During his presentation, Atlas said COVID-19 vaccines have “serious safety concerns,” including myocarditis in young men, and don’t protect against infection as well as “natural immunity,” or the protection that the body creates after an infection.
The McLellan Lab at UT played a significant role in developing the research behind the COVID-19 vaccine, which has saved more than 240,000 lives and prevented nearly 1.2 million hospitalizations in the U.S., according to a model in a study published this year in the journal JAMA Network Open.
The CDC and other medical experts recommend the vaccine for everyone age 5 and older because the risks of COVID-19, including hospitalization and death, outweigh the potential risks of any rare adverse reactions.
A CDC study published in January found that, during the delta variant surge, people who were previously infected with COVID-19 had more protection than people who were vaccinated but had not been infected. However, the study doesn’t apply to the omicron variant, which has been the dominant variant in the U.S. since late last year, and it was conducted before booster shots were widely available to the public.
Atlas said the COVID-19 vaccine helps protect people who are at high risk for death and severe disease, but he advocated during the presentation against giving it to children. He said that healthy children have a low risk of serious illness, almost no risk of death from COVID-19 and rarely spread the virus to adults.
“There is a serious breakdown of medical ethics to anyone who recommends and administers vaccines to healthy children. … The kids who are healthy have no significant risk of the disease. You don’t inject experimental drugs,” Atlas said.
Children are less likely to develop severe illness compared with adults, but they still face some risk, according to the CDC, and vaccination is recommended for children age 5 and older.
According to the American Academy of Pediatrics, at least 944 children have died from COVID-19 from May 2020 to March 2022 in the U.S., which amounts to about 0.11% of all COVID-19 deaths.

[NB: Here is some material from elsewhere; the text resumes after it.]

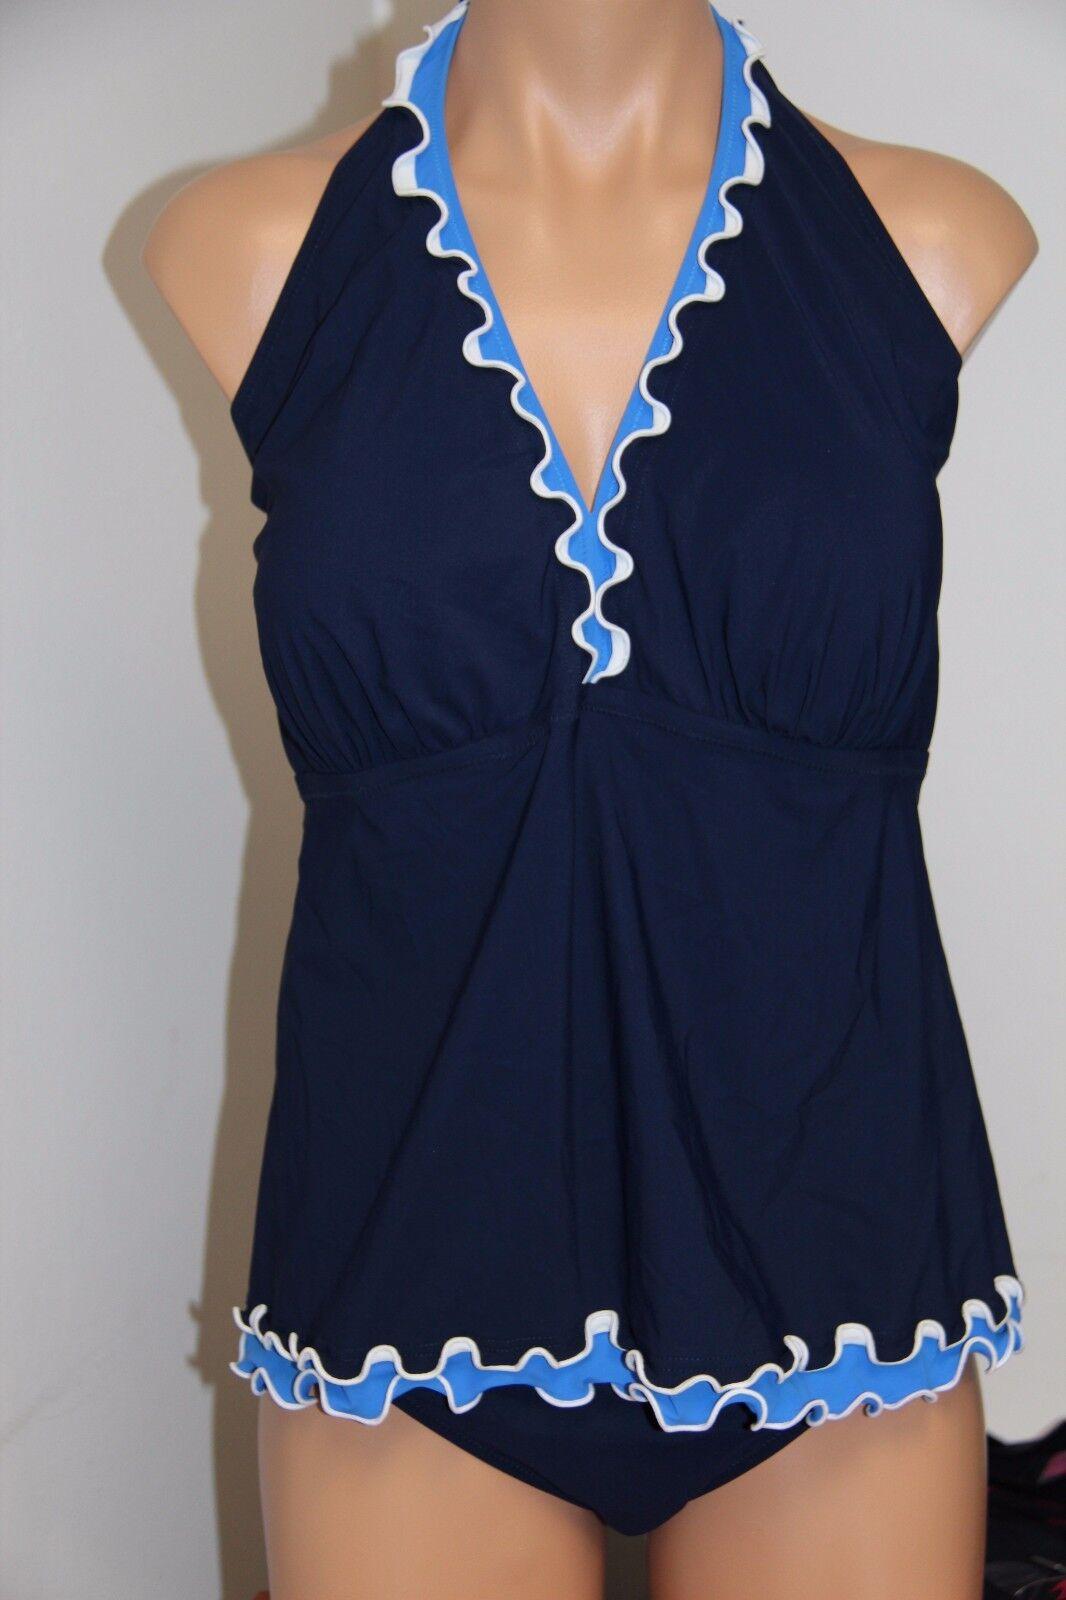 NWT Profile Swimsuit Tankini Bikini Bikini Bikini 2pc set Plus Sz 20W Halter High Waist Navy f767de

More than 40,700 children in 25 states and New York City have been hospitalized, or about 3.2% of all the people in those states and New York City hospitalized for COVID-19.
Atlas also criticized Dr. Deborah Birx, former White House coronavirus response coordinator, and Anthony Fauci, chief medical adviser to President Joe Biden, saying they encouraged COVID-19 restrictions, such as lockdowns and school and business closures.
“The result (of those policies) was about 900,000 plus Americans have died, at least have been deaths attributed to COVID-19, and millions of families and children were severely hurt, especially the working class and the poor,” Atlas said. “That’s what was implemented. They got what they want.”
Studies from the Global Policy Lab at the University of California, Berkeley and the University of Michigan have found that COVID-19 restrictions, such as lockdowns, have prevented — not caused — millions of COVID-19 cases and related deaths.
After accusing Fauci’s policies of contributing to high COVID-19 deaths in the U.S., Atlas then claimed that some COVID-19 data was inflated.
“There’s a gross exaggeration of hospitalizations and deaths for COVID in the United States,” Atlas said. “It doesn’t mean that people didn’t die. I’m not minimizing, but this is the perspective that was never given to the American public.”
Multiple hospital systems in a variety of states, including New York and Massachusetts, acknowledged that there were patients diagnosed with COVID-19 who came to the hospital for noncoronavirus reasons, especially during the omicron surge, and some adjusted their reported data to reflect the distinction.
Doctors and medical experts told the Poynter Institute that anyone who is hospitalized — whether the primary cause was COVID-19 or not — requires hospital resources and may limit the availability of beds or staffers for other patients. The incidental cases still pose a risk and do not mean that COVID-19 hospitalization data was inflated, Poynter reported.